Data collection was retrospective and cross-sectional to obtain an overview of the unit's health status at a specific point in time. Data analysis was performed using SPSS v.24 statistical software. Quantitative variables for demographic characteristics were obtained using descriptive statistics such as means, modes, and proportions. Contingency tables were used to determine the correlation between independent and dependent variables, obtaining odds ratios with a 95% confidence interval. The chi-square test was then applied to verify statistical significance.
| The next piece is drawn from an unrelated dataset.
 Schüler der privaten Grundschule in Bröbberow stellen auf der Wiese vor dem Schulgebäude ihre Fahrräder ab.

Based on the regulations of the General Health Law regarding health research, this research is without risk, as only patient data were collected and no invasive protocols that could harm the study subjects were performed. This study was conducted respecting the ethical codes established in the Declaration of Helsinki 1964, in its 2013 version, as well as those established in the Mexican Standards of the Official Gazette of the SSA of 1962.

One hundred surgical site infections were recorded during the study period. Based on the formula for two proportions, it was determined that the study population should consist of 25 cases. However, it was decided to use 100% of the cases registered on the INOSO platform. After applying the inclusion, exclusion, and elimination criteria, a total of 60 records were selected for the cases and 60 records for the controls.
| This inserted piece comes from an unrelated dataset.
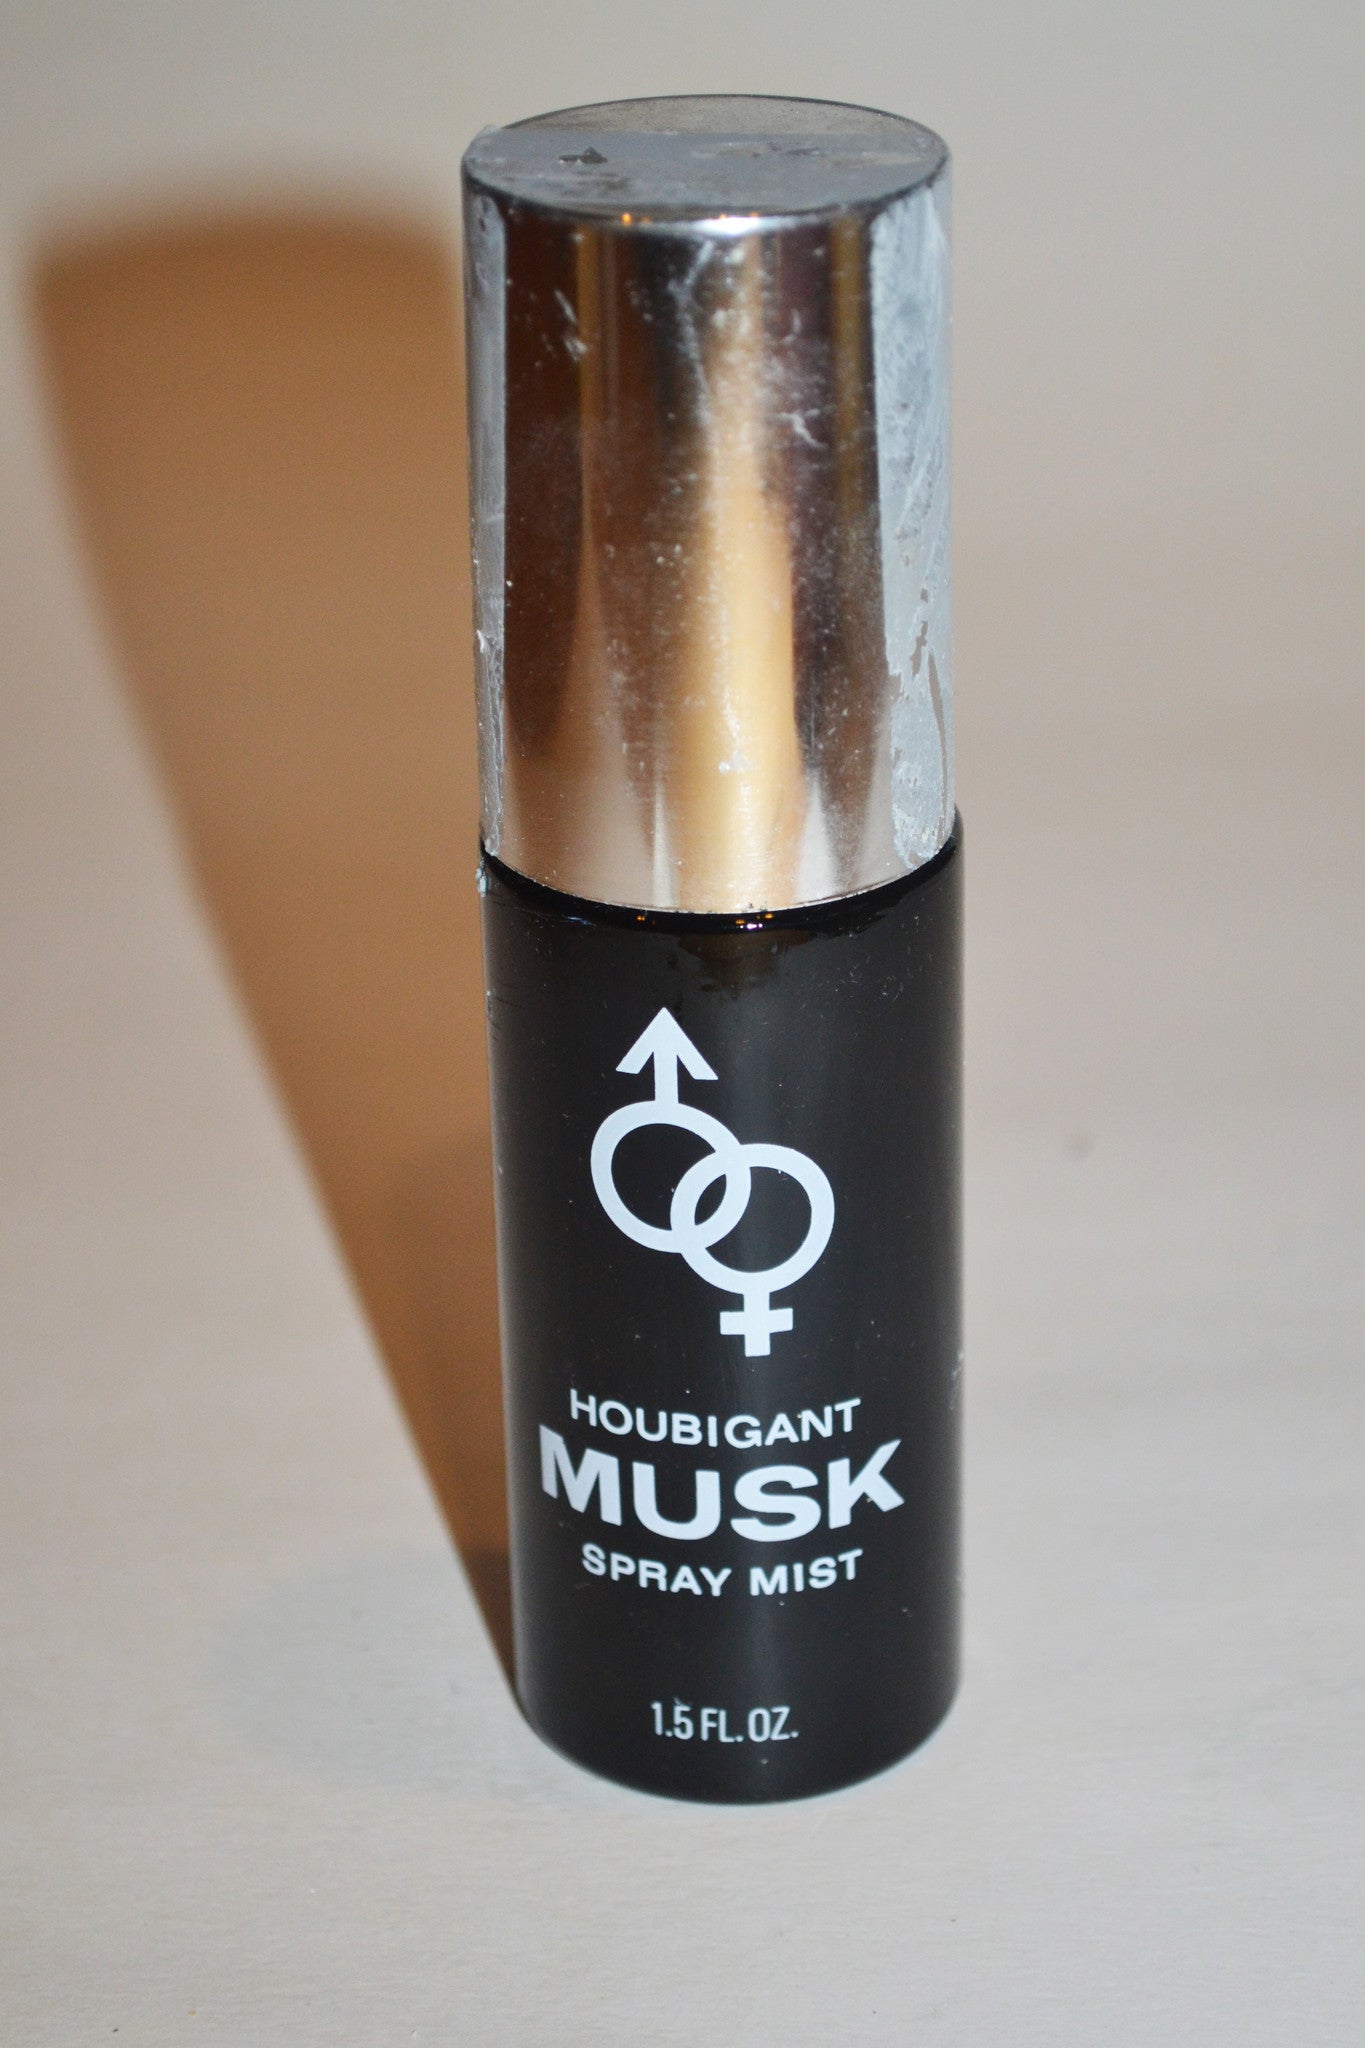 Vintage Musk Spray Mist By Houbigant-Alyssa Ashley

The sociodemographic characteristics were as follows: 55% were women (n=33), and 45% were men (n=27). Regarding age, the mean age was 54.2 years. The patients' ages were classified into ranges, with the highest frequency in the 60-69 age range (21.7%) (Table 1).

In the cases, the predominant educational level was secondary education (30%), while in the controls, it was middle school education (40%). An odds ratio (OR) was calculated for each educational level, finding that secondary education was a protective factor (OR 0.3, 95% CI 0.128–0.704, p-value 0.005) (Table 2).
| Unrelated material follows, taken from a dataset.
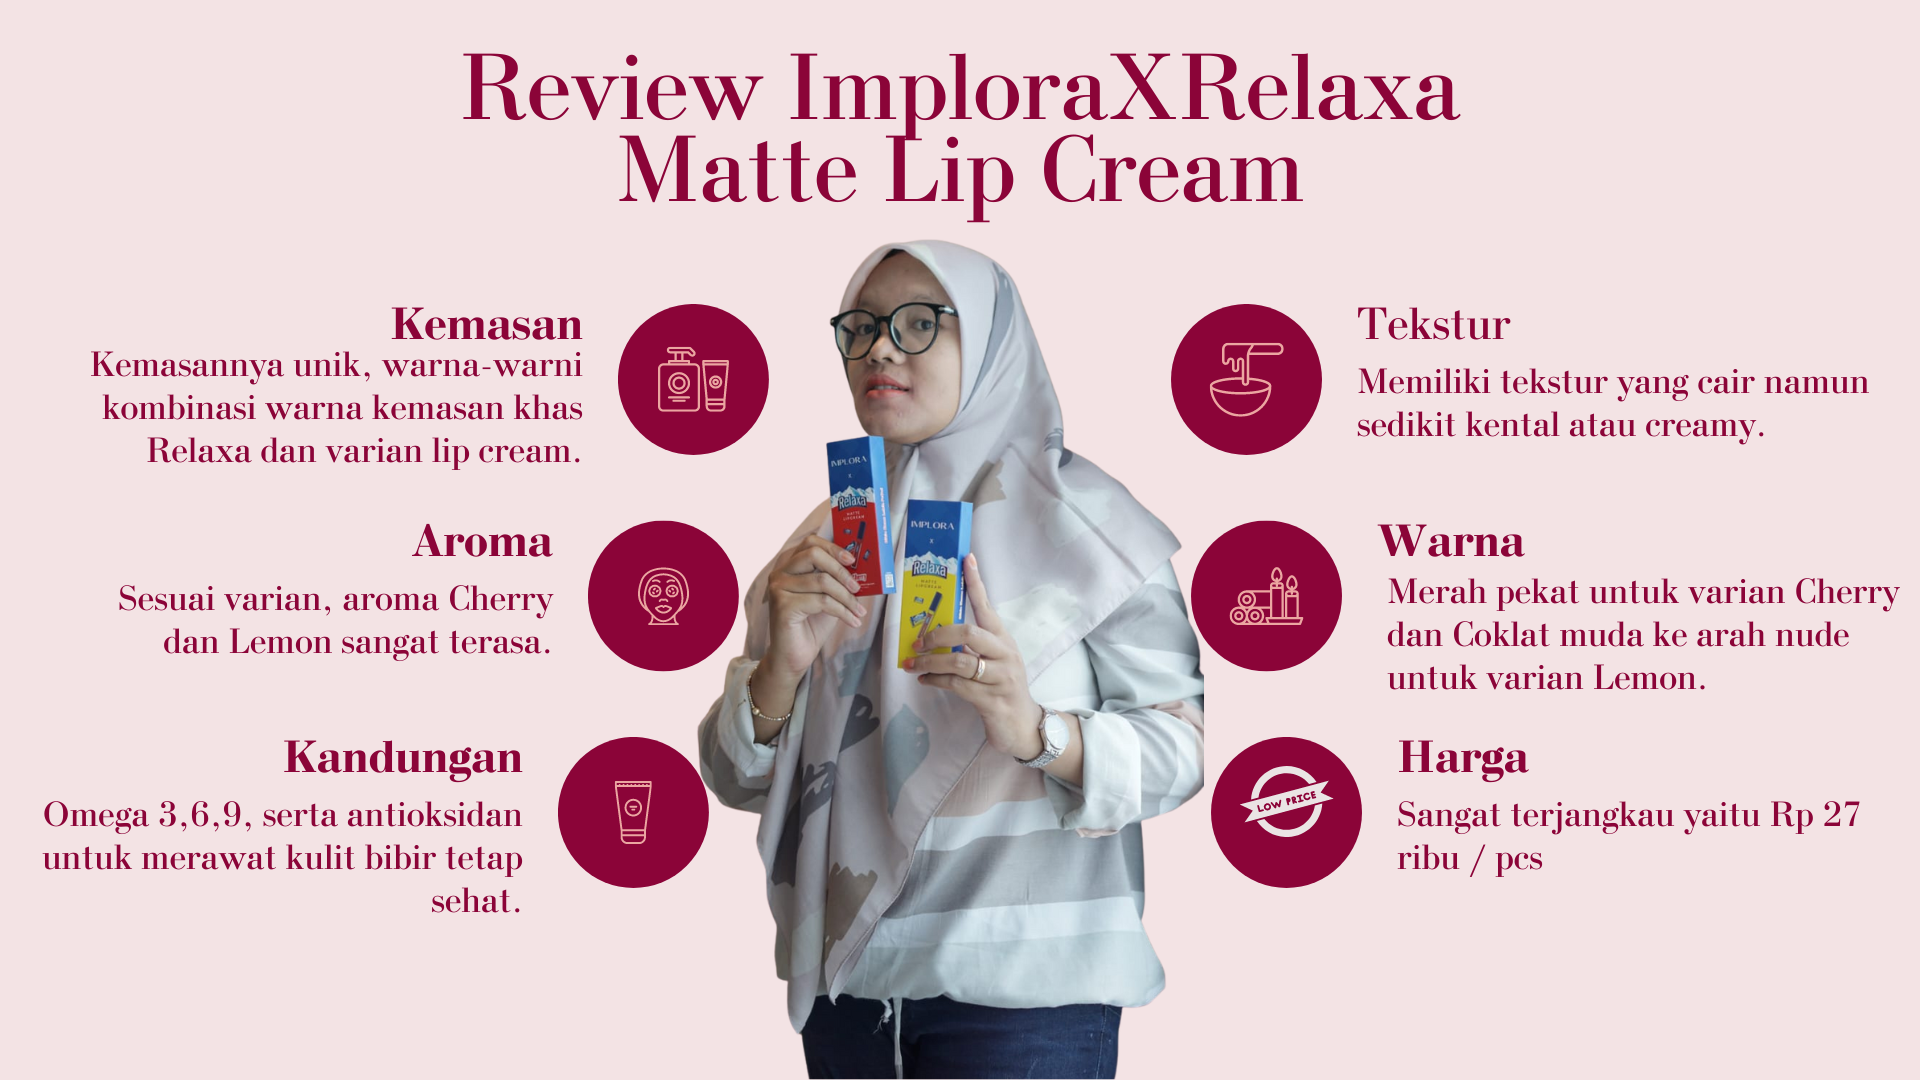 Review ImploraXRelaxa Matte Lip Cream (2)

The OR for active smoking was 1.383 (95% CI 0.732–3.461), with a p-value of 0.487, indicating no statistical significance (Table 2).

Analyzing comorbidities, the presence of comorbidity resulted in an OR of 1.737 (95% CI 0.792–3.81, p-value 0.166), also without statistical significance. Regarding BMI, grade I obesity predominated in the cases (53.3%), while overweight was the most common finding in the controls (55%). The statistically significant odds ratios (ORs) for BMI were normal 0.365 (95% CI 0.130–1.027, p < 0.050), overweight 0.273 (95% CI 0.126–0.592, p < 0.001), and grade I obesity 4.571 (95% CI 2.032–10.284, p < 0.001) (Table 3).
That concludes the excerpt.